In order to limit system modifications to components distal to the scan lens, lenses in the articulating arm were selected such that the magnification, and resulting size of the image formed in the intermediate image plane remained the same. By keeping the magnification unchanged, the source-detector separation distances do not change and modification (as well as associated realignment) of system components proximal to the scan lens is not necessary. The overall length of the articulating arm was limited by the length of the collimated space between lens 1 and the objective. Within this space, the off-axis displacement is translated into an angular deviation which, for longer collimated space lengths, can result in clipping of the transmitted and remitted light. Using longer focal length lenses reduces the angular deviation in the collimated space for a given offset displacement, making them desirable for lens 1 and the objective. However, longer focal length lenses also reduce the system’s photonmigration paths within the tissue. Using larger diameter lenses and mirrors is also beneficial for preventing light clipping. We therefore used 2” diameter lenses and mirrors in the articulating arm.
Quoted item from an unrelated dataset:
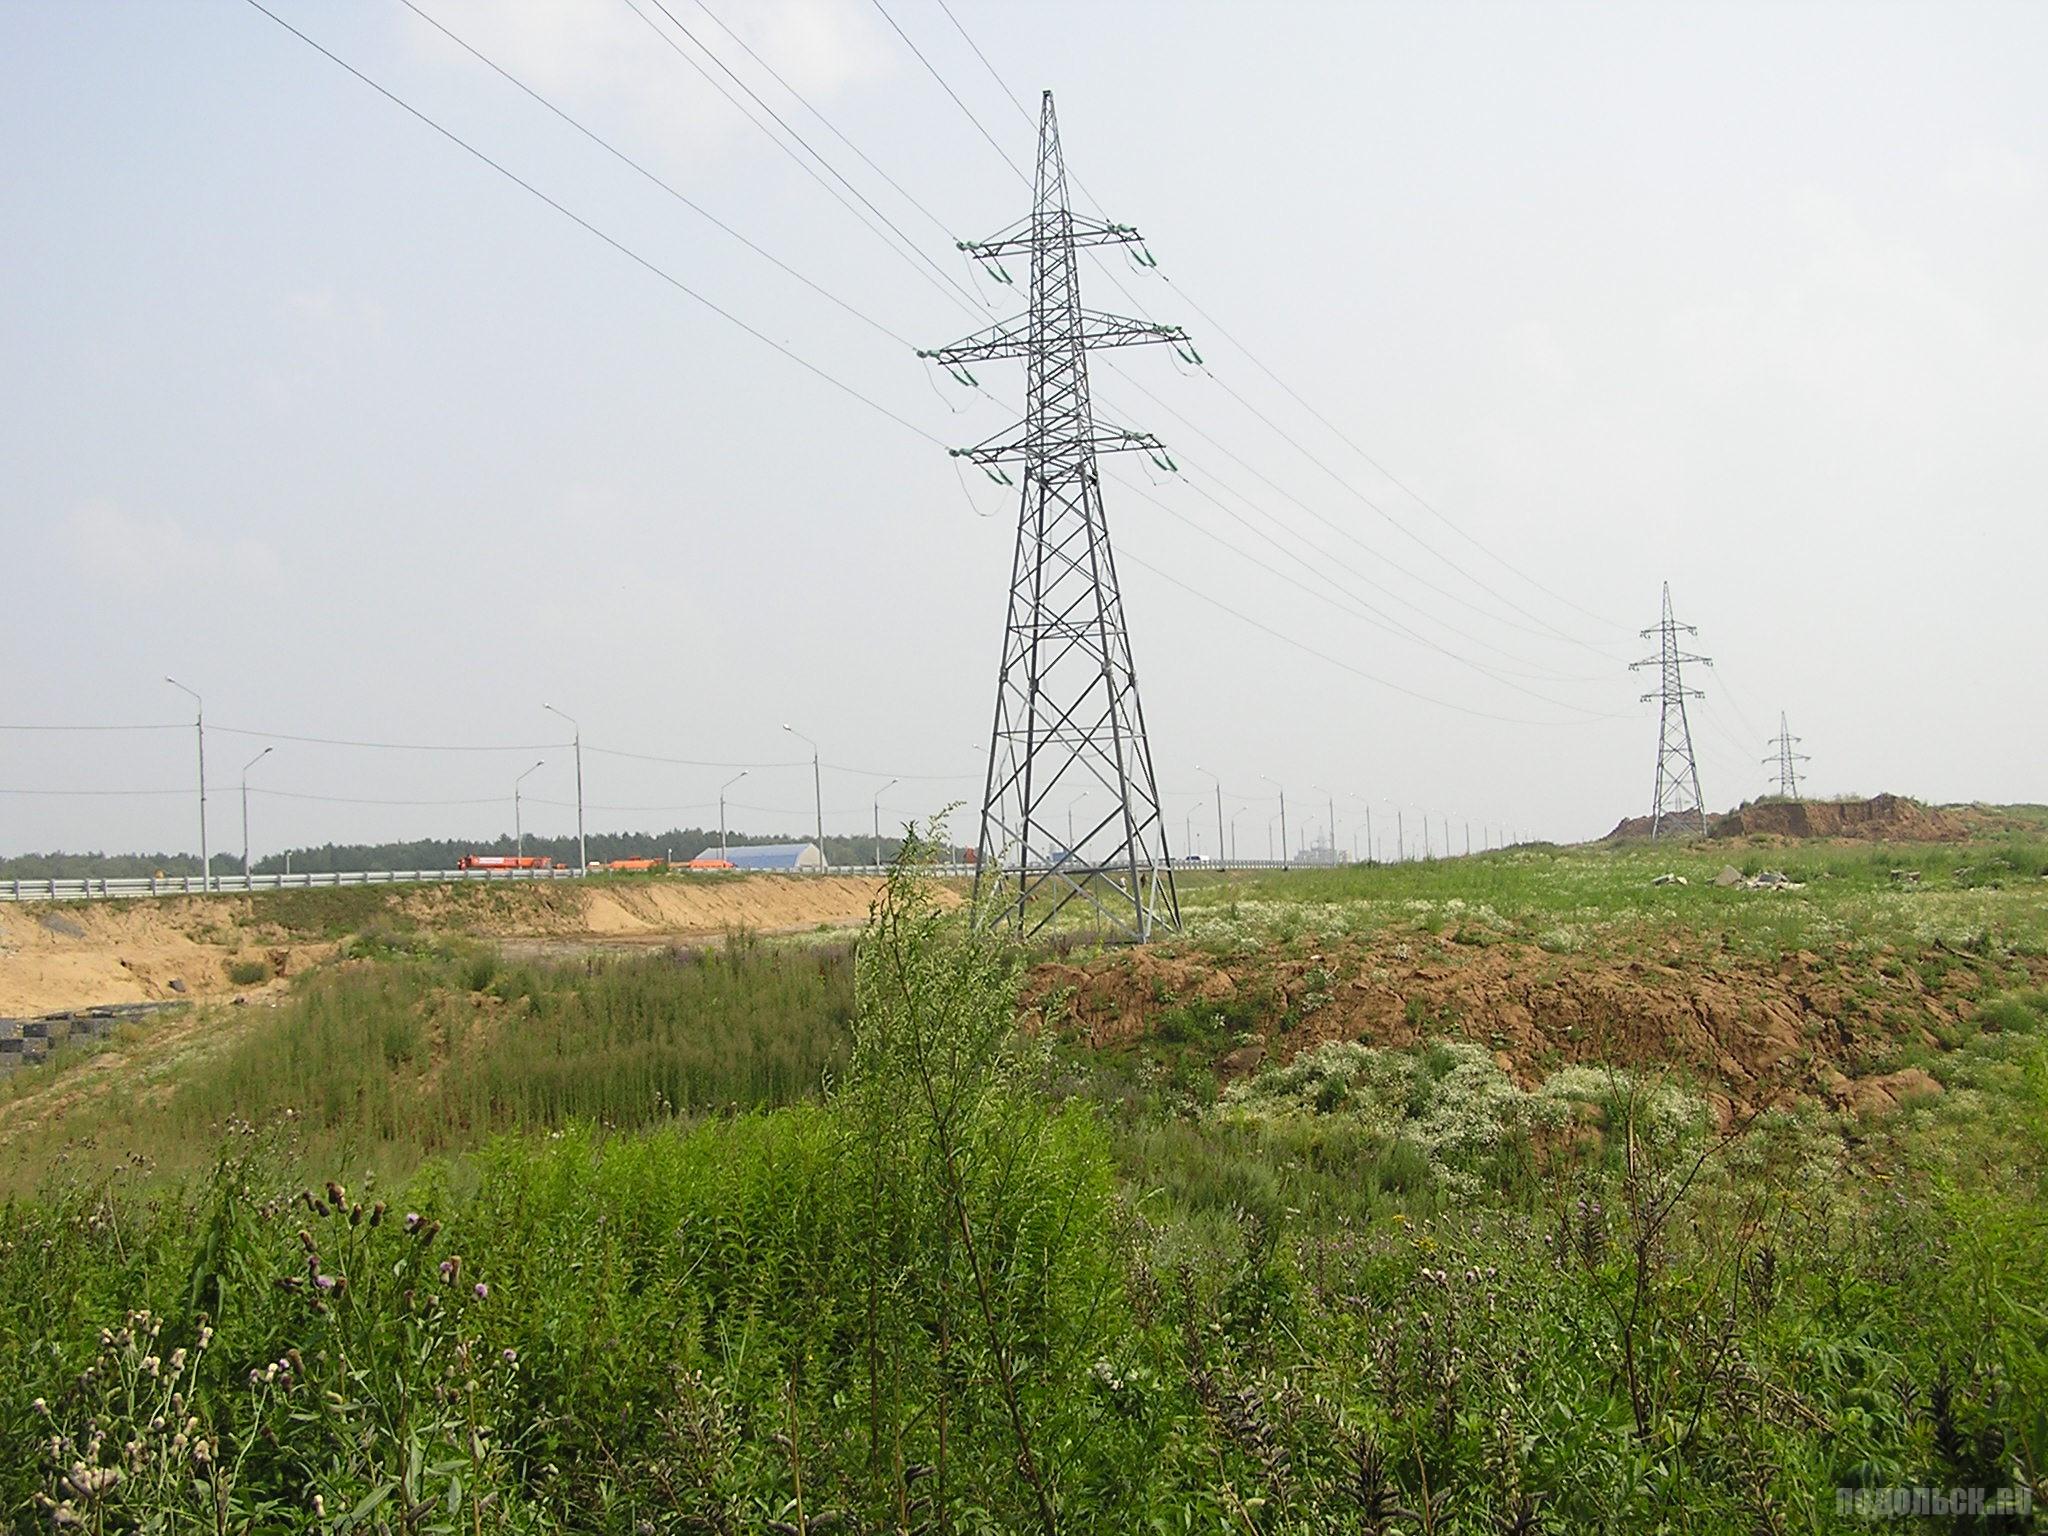 Эстакада в Сергеевке 24 июля 2016 г.

To optimize the optical paths in the system we developed an LOT ray tracing program using Matlab. The program was implemented using geometric optics and the thin lens equation. The path of each ray is updated each time the user changes a system parameter or component. The purpose of the program was to verify how and where clipping might occur for different focal length lenses and under various image acquisition settings. A screen shot of the user interface is shown in Fig. 3(a)
Fig. 3 Screenshots of LOT ray tracing software. (a) Ray tracing for the incident source light (blue), remitted absorption light (red) and emitting fluorescence light (green). All axes are shown in millimeters. (b) Clipping of the incident light is observed when the galvanometer mirrors are rotated during a scan. (c) Clipping of the off-axis returning light during a scan.
. The user can set the diameter and focal length of all lenses, the sizes of the polarizing beam splitter, dichroic beam splitter, and galvanometer mirrors, the number and pitch of the detector channels, the spacing between components, as well as the angle of the galvanometer mirror. In order to animate a one-dimensional sweep, the program increments the angle of the galvanometer mirror through its minimum and maximum values (as determined by the galvanometer voltage setting) updating the ray position for each galvanometer angle. Figure 3(b) illustrates how the simulation can be used to determine that for this lens configuration, clipping of the incident beam will occur when the galvanometers scan to an angle of 6 degrees, corresponding to a field of view of 16 x 16 mm. Visualizing the returning light path reveals that clipping of the returning beam is more restrictive. Figure 3(c) shows that when the galvanometer mirrors are positioned at an angle of 5 degrees, corresponding to a field of view 13.2 x 13.2 mm, the incident light reaches the sample plane, but clipping of the returning light occurs. In order to scan a 13.2 x 13.2 mm field of view, the distance between the tube lens and objective must be reduced to less than 500 mm.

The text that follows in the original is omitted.